Finally, in June 2007 the auditors of Yukos, PwC, withdrew all of its audits from 1995 to 2004 on the basis of "new information" that caused it to lose confidence in Yukos' management (¶¶ 88, 104, 1207 of the final award). This was preceded by PwC's decision to no longer audit Yukos in April 2004, initiation of court cases against PwC for tax violations in 2006, police raid of its Moscow offices in March 2007, imposing fines and bringing criminal charges against its employees also in March 2007 (¶¶ 1197, 1199, 1200, 1203 of the final award).
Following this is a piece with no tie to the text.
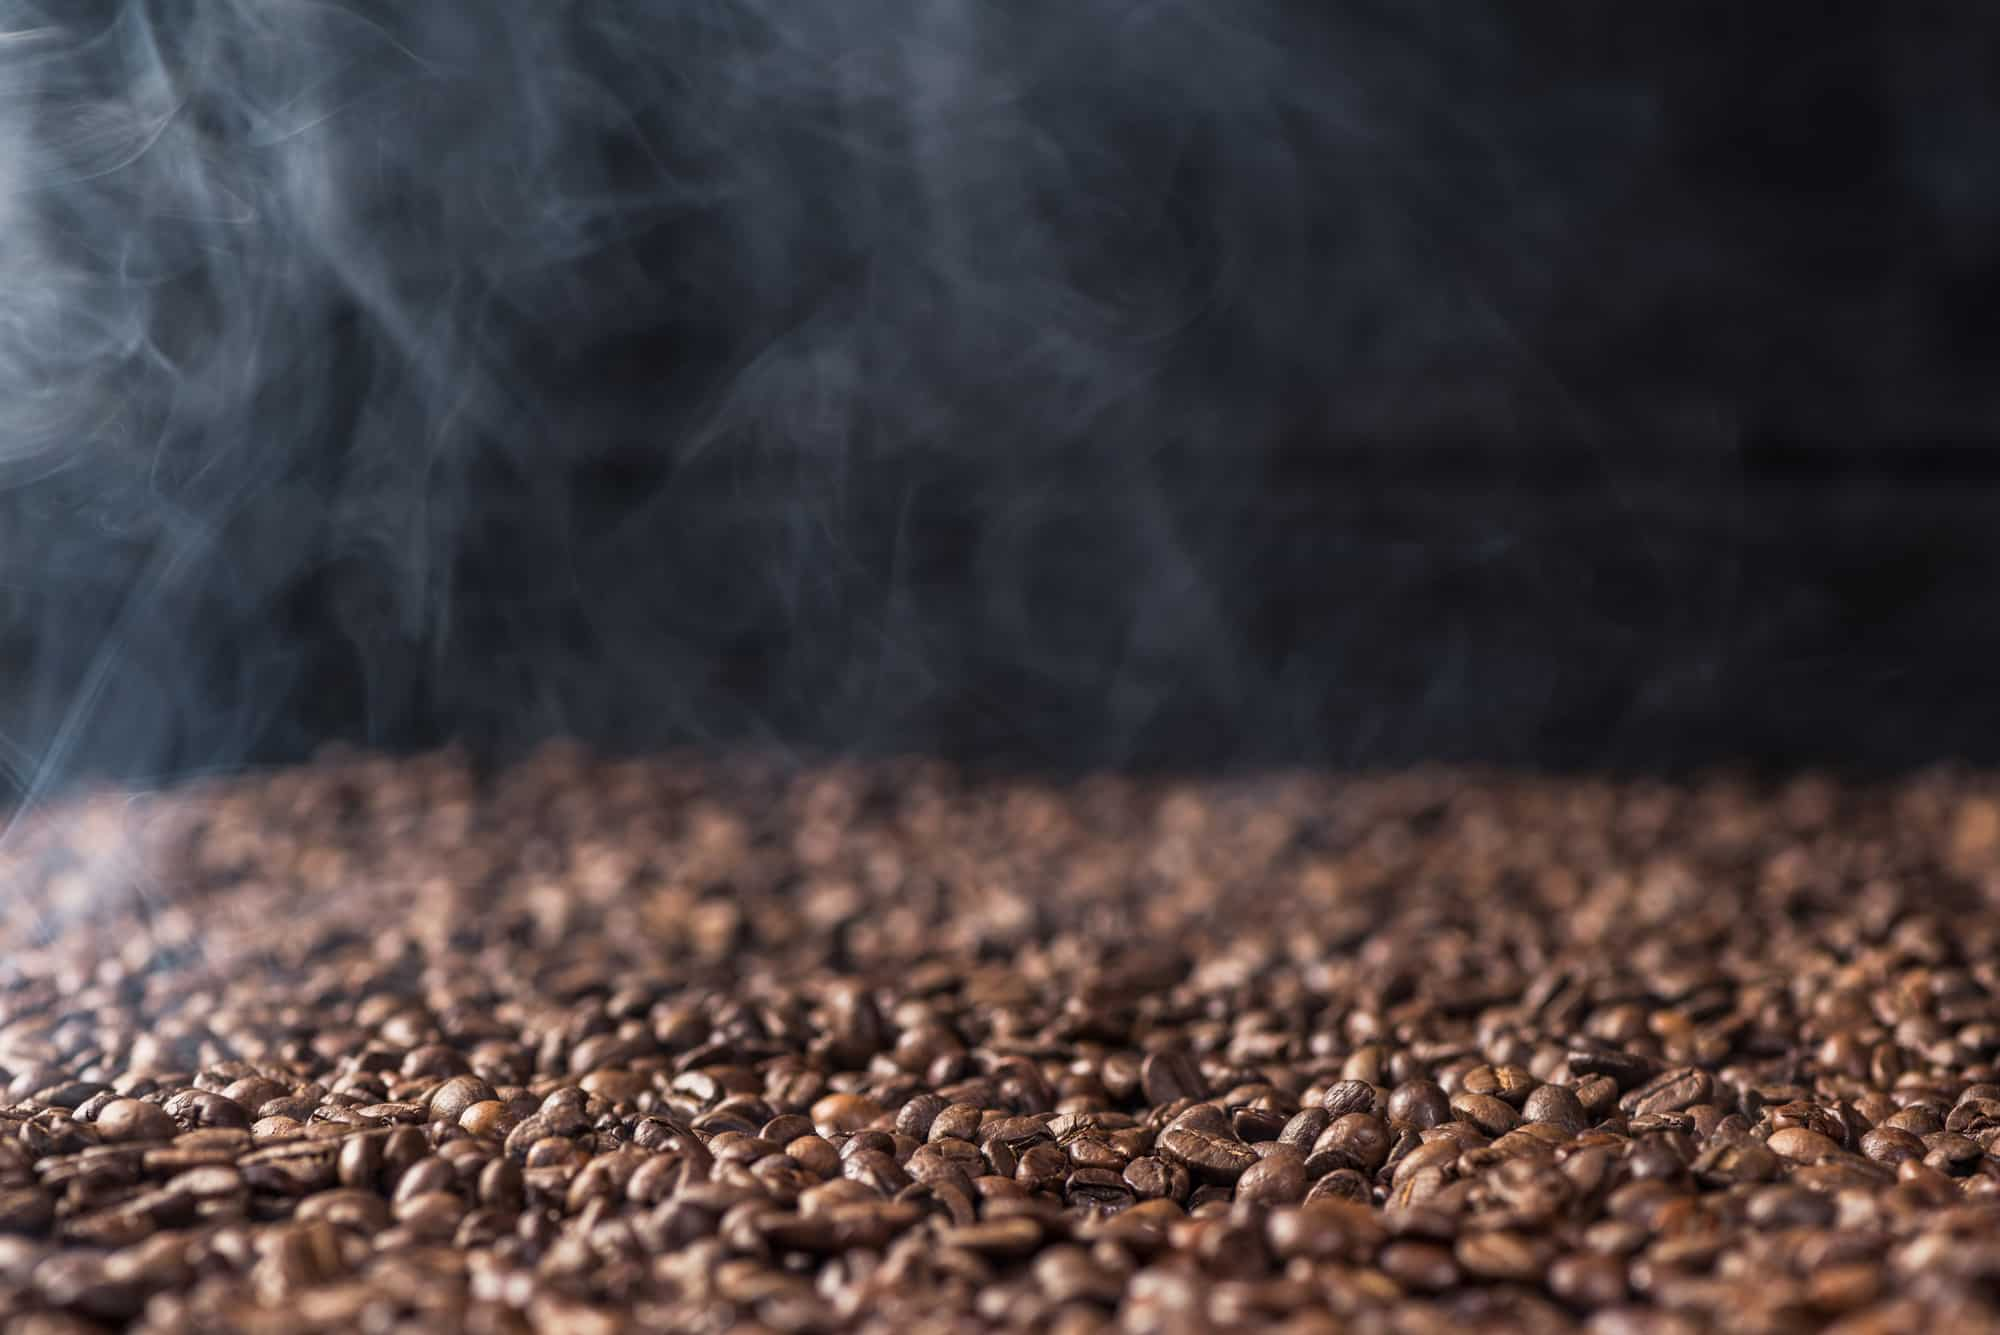 Freshly roasted decaf coffee

One day after the public announcement of the audits' withdrawal criminal charges were dropped, whereas later court cases were resolved in PwC's favor and its fines were refunded (¶¶ 1210, 1217 of the final award).

Tribunal's conclusions:

A. Interim Award on Jurisdiction and Admissibility dated November 30, 2009

The issues that arose for analysis and decision at this stage of the proceedings were the following: (a) whether the provisional application of the ECT in Russia (Art. 45 of the ECT) provided a basis for the tribunal's jurisdiction in this arbitration; (b) whether claimant was a protected investor with an investment under the ECT; (c) whether claims were barred by the denial of benefits clause (Art. 17 of the ECT); (d) whether all or some of the claims were barred by the taxation measures carve-out (Art. 21 of the ECT); and (e) whether all or some of the claims were barred by the fork-in-the-road provision (Art. 26(3)(b)(i) of the ECT).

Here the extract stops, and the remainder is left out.